● Stored data:
***
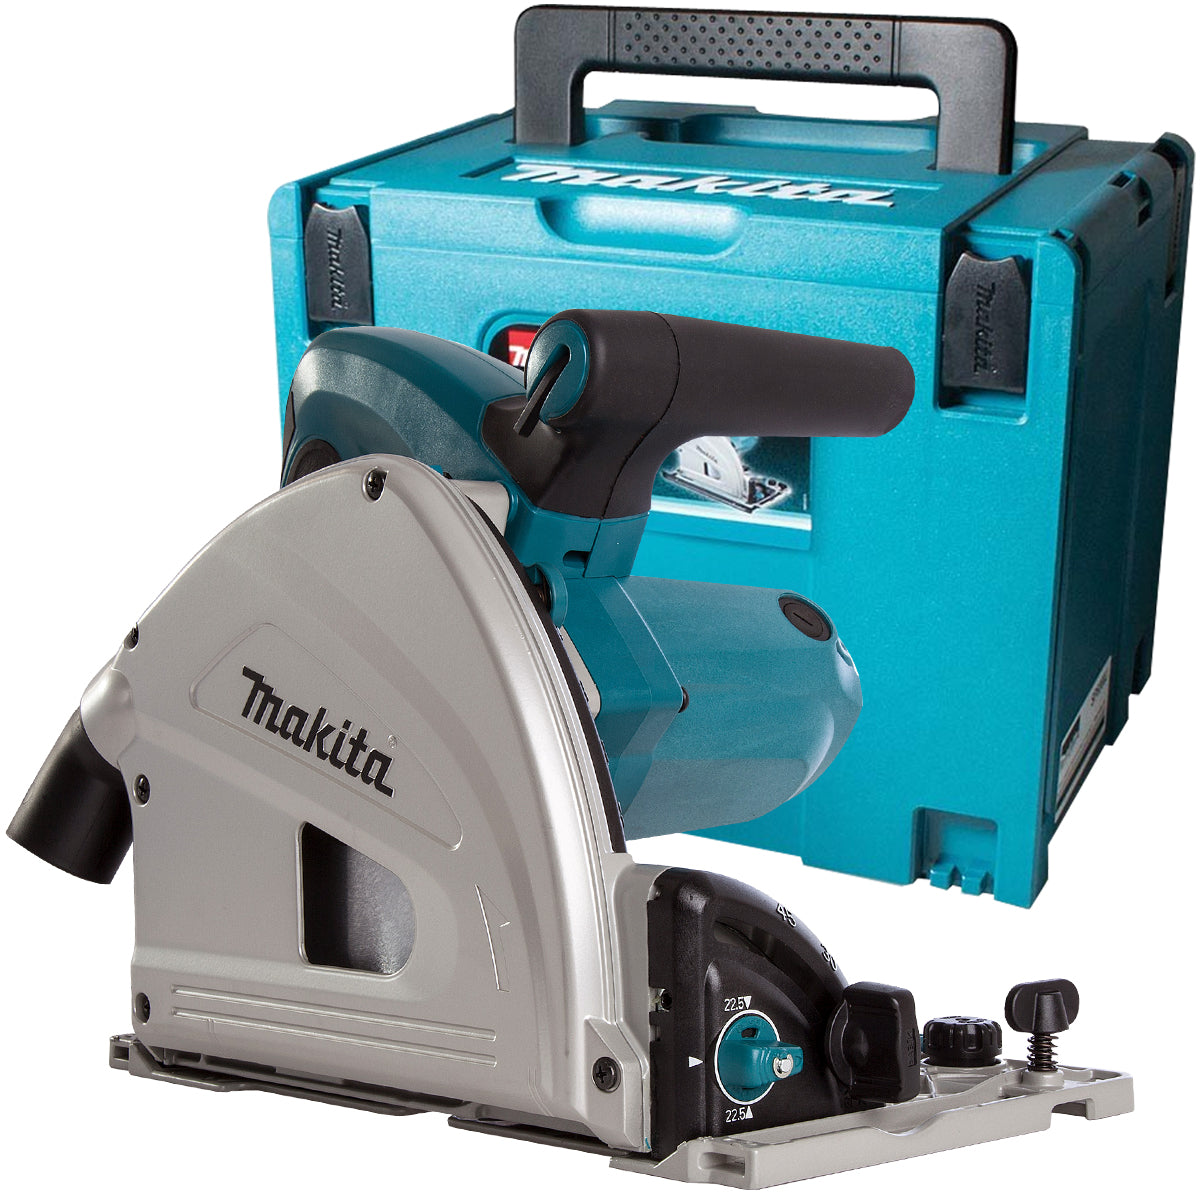 Makita SP6000J1/1 110V 165mm Plunge Saw with 2 x Rails, Connector Bar, Clamp & Bag
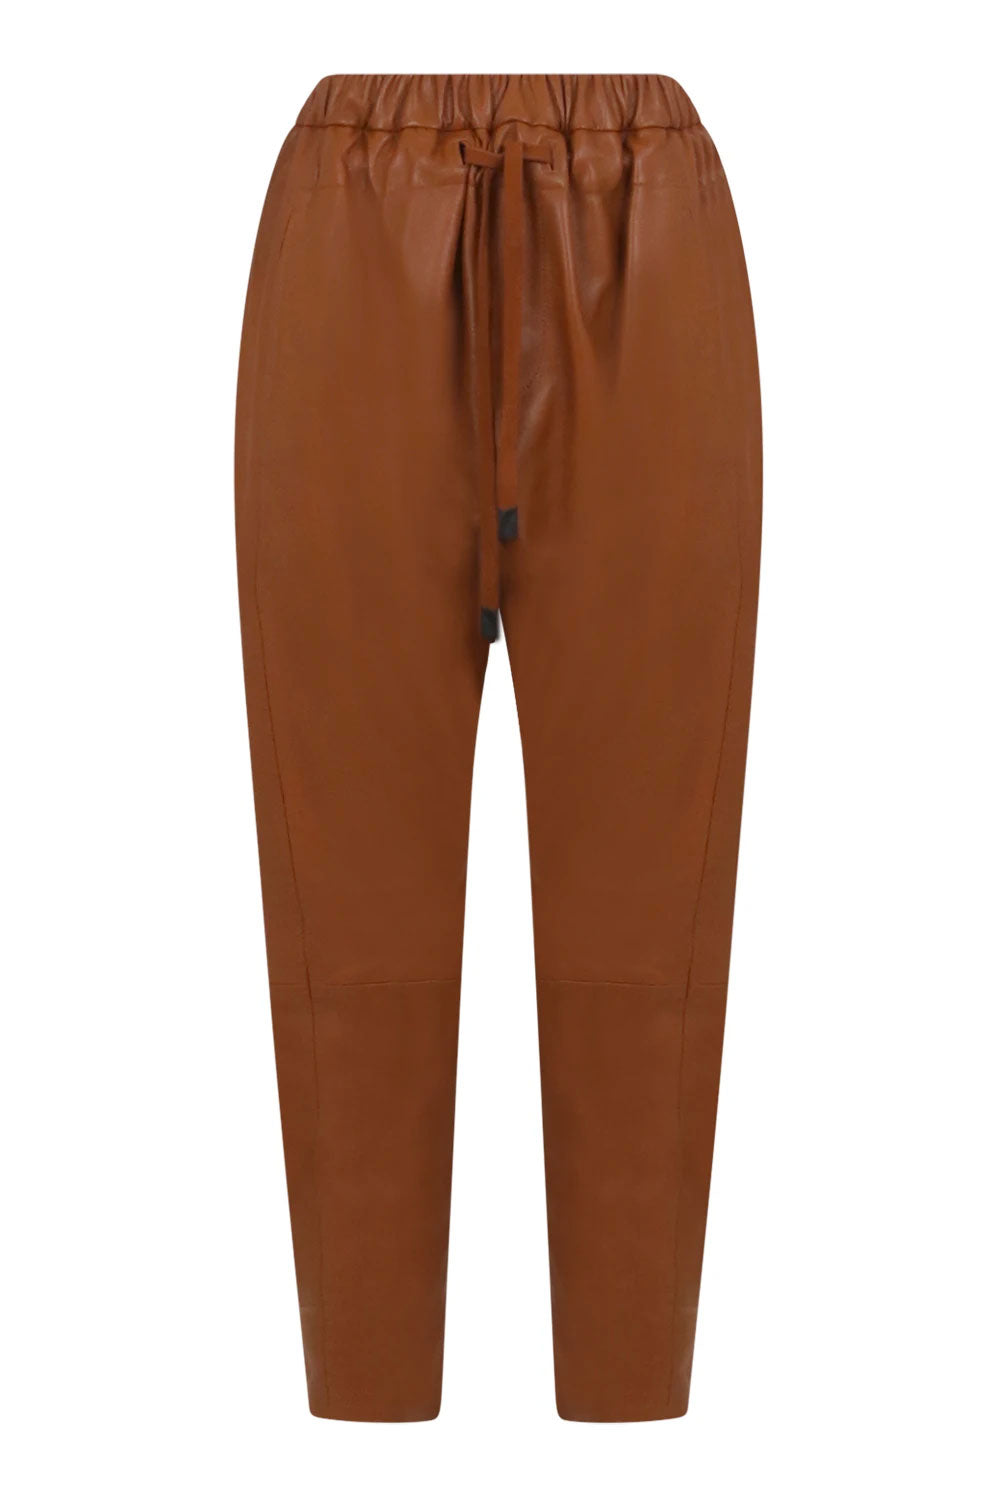 BASSIKE RTW ORIGINAL RELAXED LEATHER PANT TAN
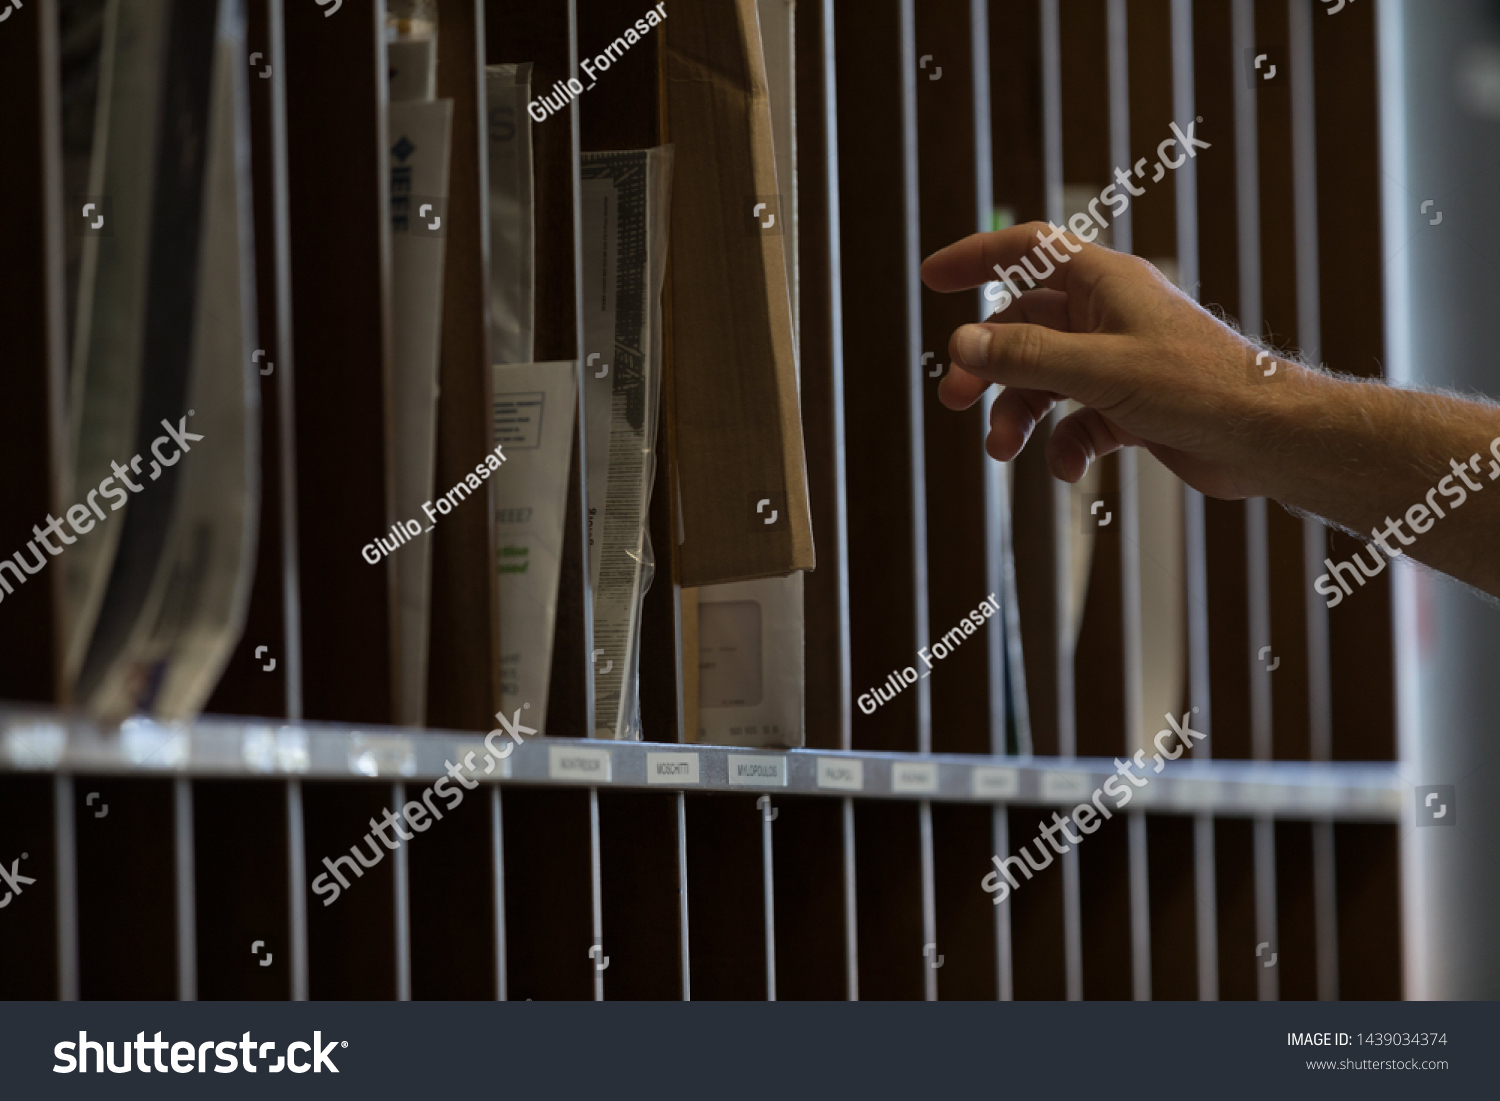 Male hand reaching for sorted post or mail in pigeon holes in a postal depot in a corporate business #1439034374
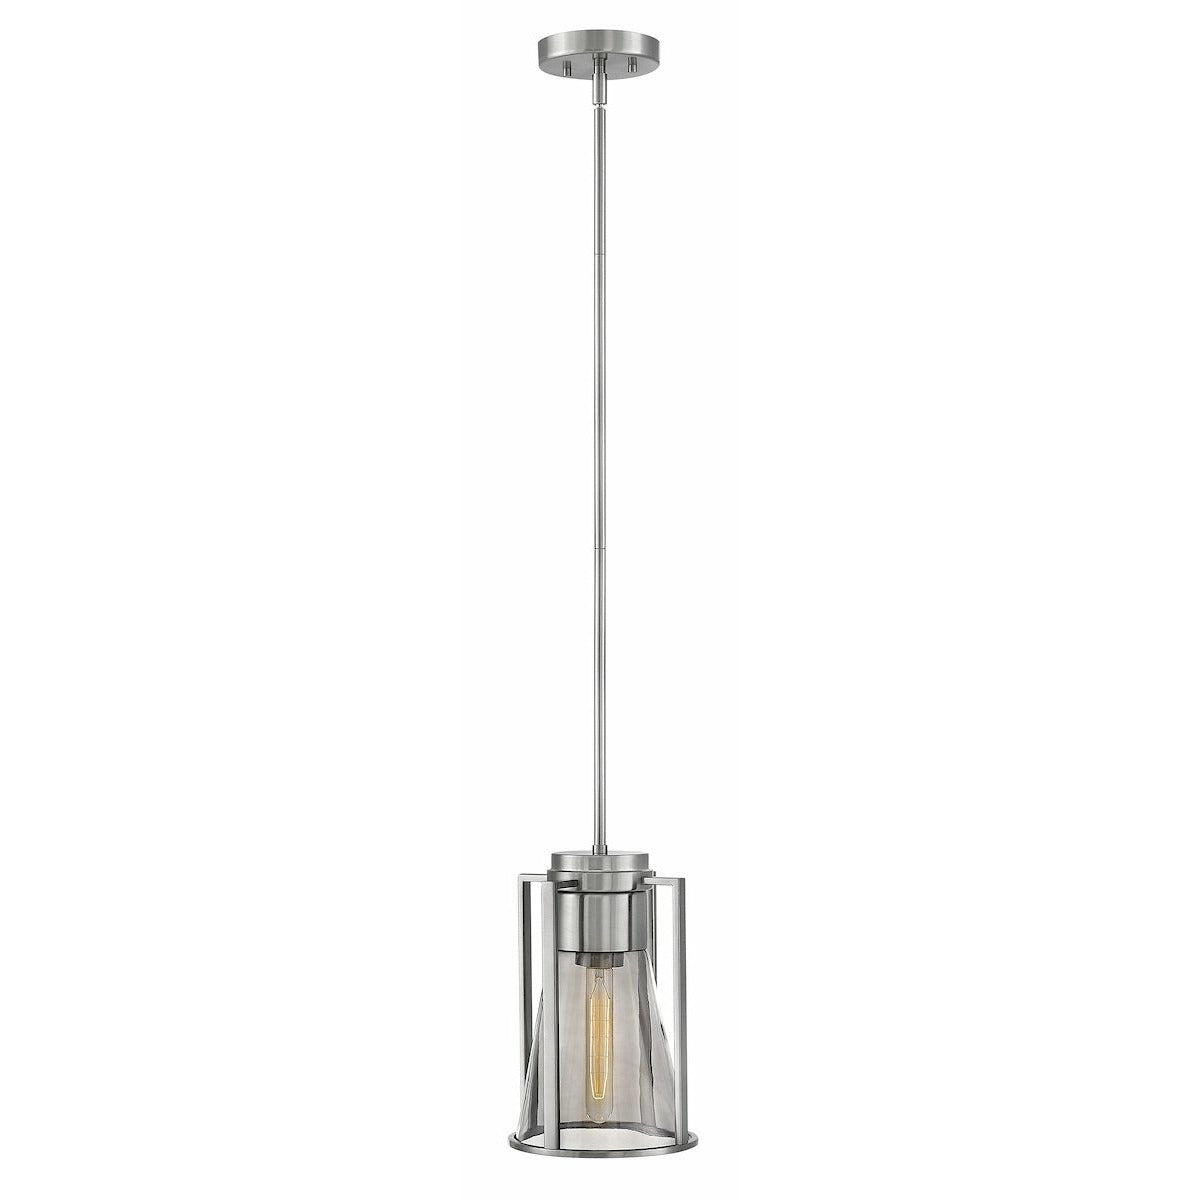 Refinery Pendant Brushed Nickel with Smoked glass
***
● Exercise objective: Only the pictures stay behind; everything else in the data above is to be retyped exactly.

● Result below:
 Makita SP6000J1/1 110V 165mm Plunge Saw with 2 x Rails, Connector Bar, Clamp & Bag
 BASSIKE RTW ORIGINAL RELAXED LEATHER PANT TAN
 Male hand reaching for sorted post or mail in pigeon holes in a postal depot in a corporate business #1439034374
 Refinery Pendant Brushed Nickel with Smoked glass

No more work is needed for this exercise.